Anna Ridler

S’il est des sujets qui traversent l’histoire de l’art, la fleur en fait partie. De la peinture flamande à l’impressionnisme, d’Andy Warhol à Anna Ridler présentée actuellement à l’Avant Galerie Vossen dans une exposition de groupe associant notamment la tulipe au bitcoin.

Anna Ridler, Myriad (Tulips), 2018.

La fermeture des musées et centres d’art a propulsé le public dans les galeries qui n’ont jamais connu autant de visites. Dans un même temps, la crise sanitaire a aussi profité aux plateformes de vente en ligne dont celles dédiées au crypto art. Une nouvelle tendance de l’art qui caractérise les échanges entre artistes et collectionneurs plus que les œuvres elles-mêmes, essentiellement des images fixes, en mouvement ou virtuelles. Sécurisées grâce aux technologies de stockage de la blockchain, les transactions se font en cryptomonnaies, dont le bitcoin. Notons que de telles cryptodevises battent actuellement des records. Sur YouTube, les séquences montrant ces collectionneurs d’un nouveau genre présentant leurs acquisitions se multiplient. Généralement, les valeurs d’achat et de vente priment sur les critères esthétiques. Ce qui n’est pas véritablement nouveau, considérant la quantité d’œuvres qui sommeillent dans des coffres. Aussi, force est de reconnaître que le crypto art a aujourd’hui le mérite de ne pas priver le public des créations, celles-ci demeurant accessibles en ligne.

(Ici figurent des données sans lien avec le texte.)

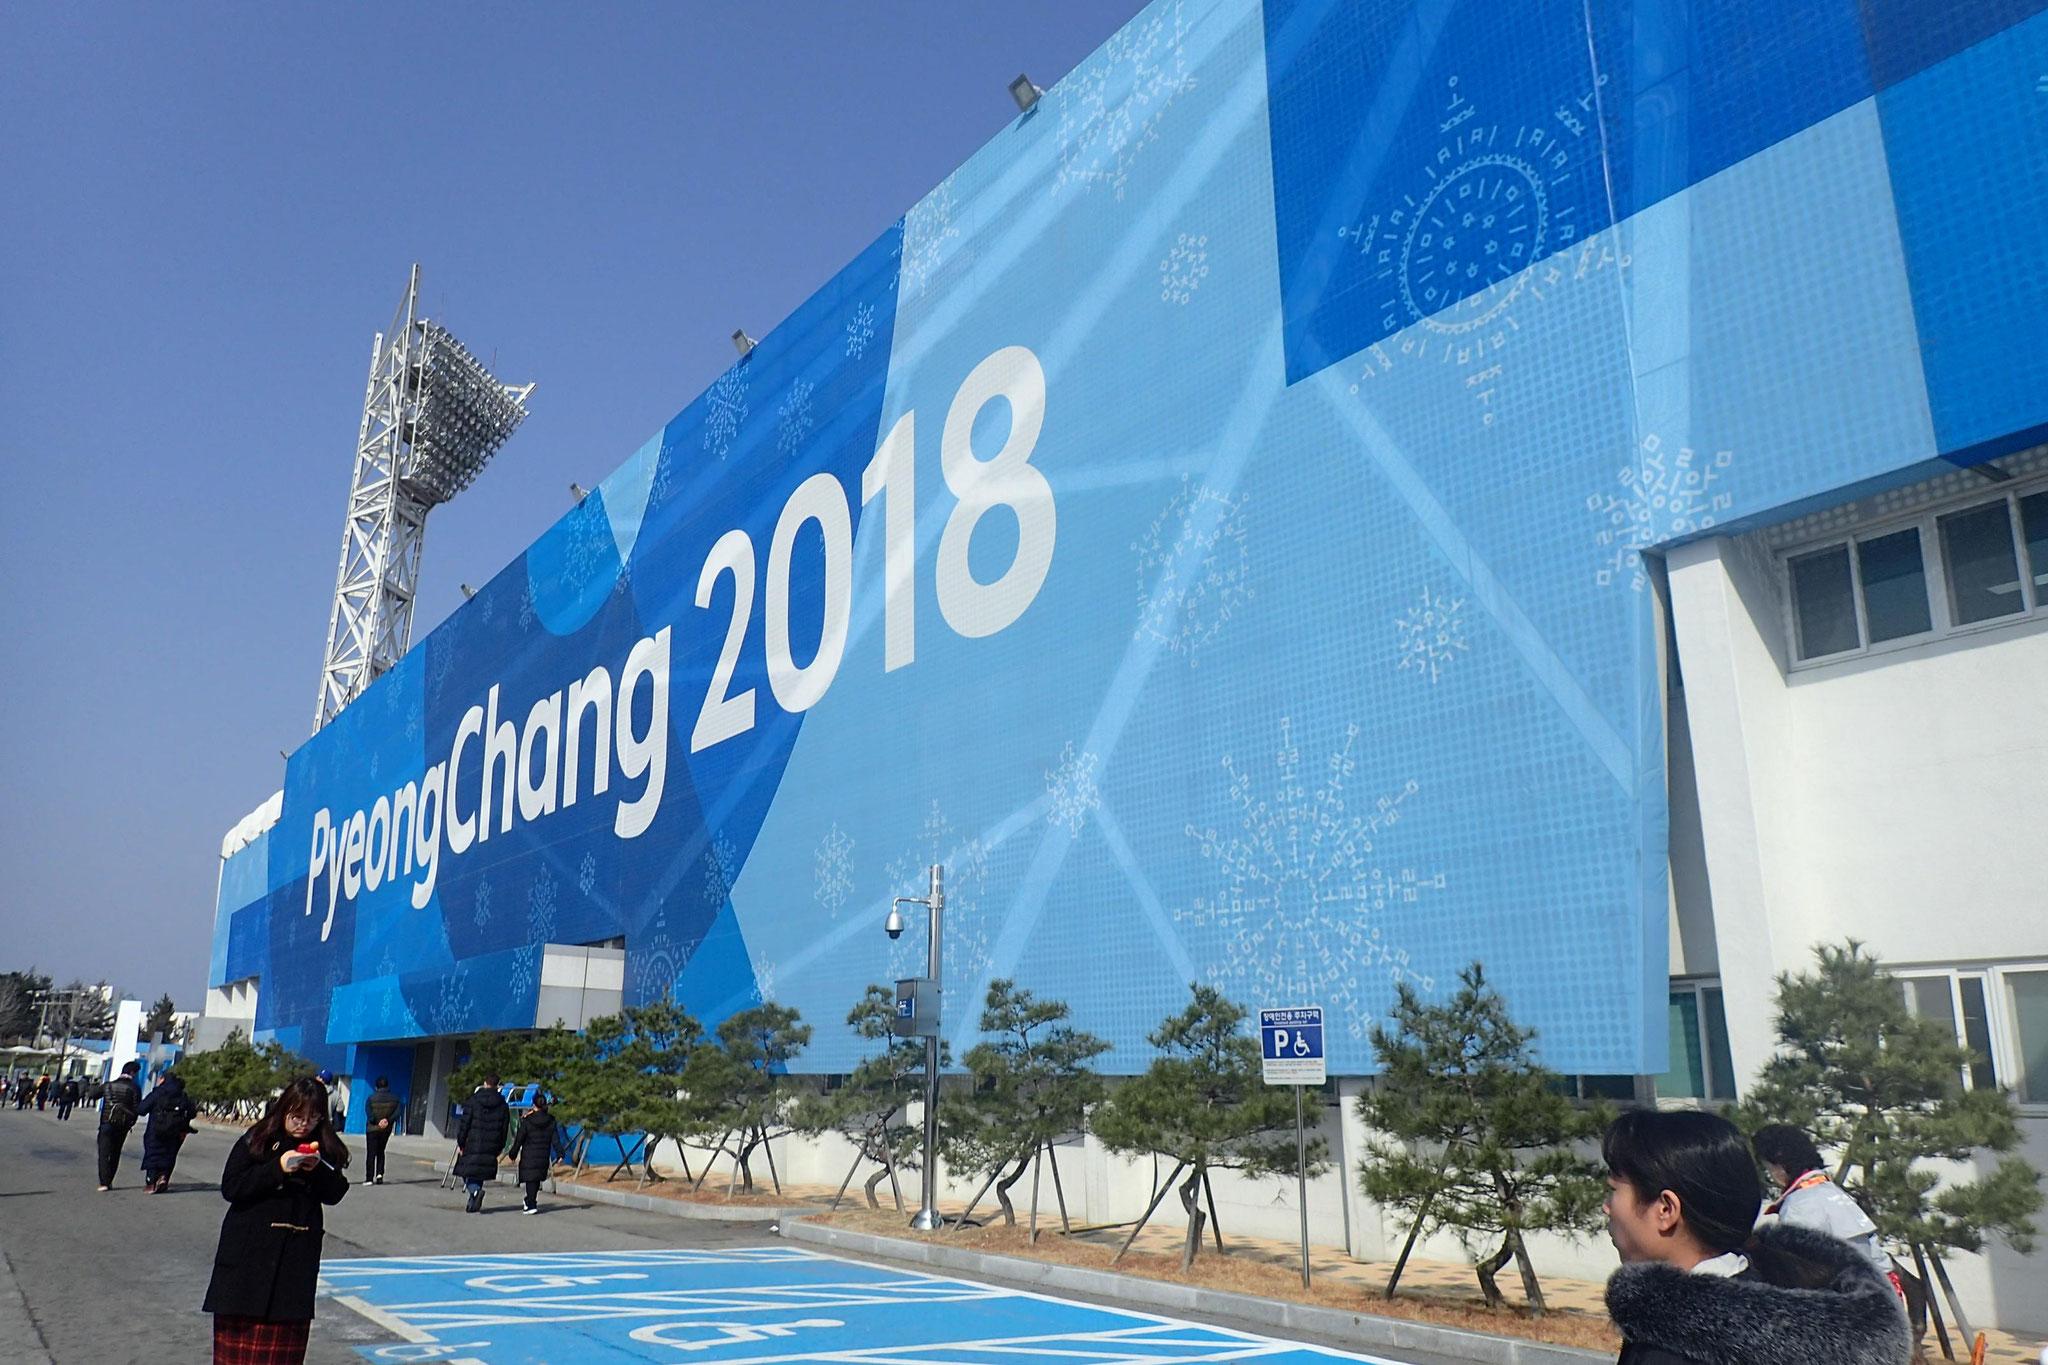 オリンピックパーク内のハード・ソフト面を調査しました

Avec son exposition De la tulipe à la crypto marguerite, l’Avant Galerie Vossen traite des relations entre la sphère de l’art et celle de la finance. Plusieurs créations, dont Mosaic Virus, d’Anna Ridler illustrent parfaitement de telles connivences. Le simple fait que l’artiste anglaise se soit focalisé sur la tulipe suffit à convoquer la peinture flamande du XVIIe siècle. Cette fleur évoque aussi l’histoire des bourses de valeur en référence à la tulipomanie de la même époque. Ainsi le titre de l’installation Mosaic Virus désigne le potyvirus qui marbre les pétales affectés. Au XVIIe siècle, cette singularité augmentait la valeur des tulipes dont le cours variait en conséquence, causant la richesse ou la ruine de nombreux spéculateurs. De la tulipe au bitcoin, les fortunes se font donc aussi vite qu’elles se défont. C’est la raison pour laquelle Anna Ridler a littéralement connecté ses fleurs aux fluctuations de la cryptomonnaie. Car il s’agit en réalité de représentations de fleurs qui n’ont pas de véritable existence, mais qu’une intelligence artificielle – ou plus exactement des réseaux adverses génératifs – ont préalablement calculé.

Anna Ridler, Mosaic Virus, 2018.

Anna Ridler a commencé par photographier 10 000 tulipes en annotant tous ses clichés. Ainsi est née l’installation photographique Myriad (Tulips) qui lui a fourni le jeu de données avec lequel elle a alimenté les algorithmes de l’installation vidéo Mosaic Virus. En collectant ainsi des myriades de fleurs pour qu’une machine en calcule davantage encore, l’artiste procède d’une forme d’intelligence que l’on devrait qualifier de collaborative plutôt qu’artificielle. Le fait que ces tulipes virtuelles issues d’une collaboration avec les algorithmes soient représentées sur fond noir renvoie inévitablement à la peinture flamande du XVIIe siècle où les tulipes aux pétales marbrées étaient très largement représentées dans des compositions florales magnifiant l’éphémère. Dans Mosaic Virus, les stries des pétales illustrent les fluctuations du bitcoin que personne ne saurait prédire, ni humain ni machine.

Rédigé par Dominique Moulon pour ArtPress.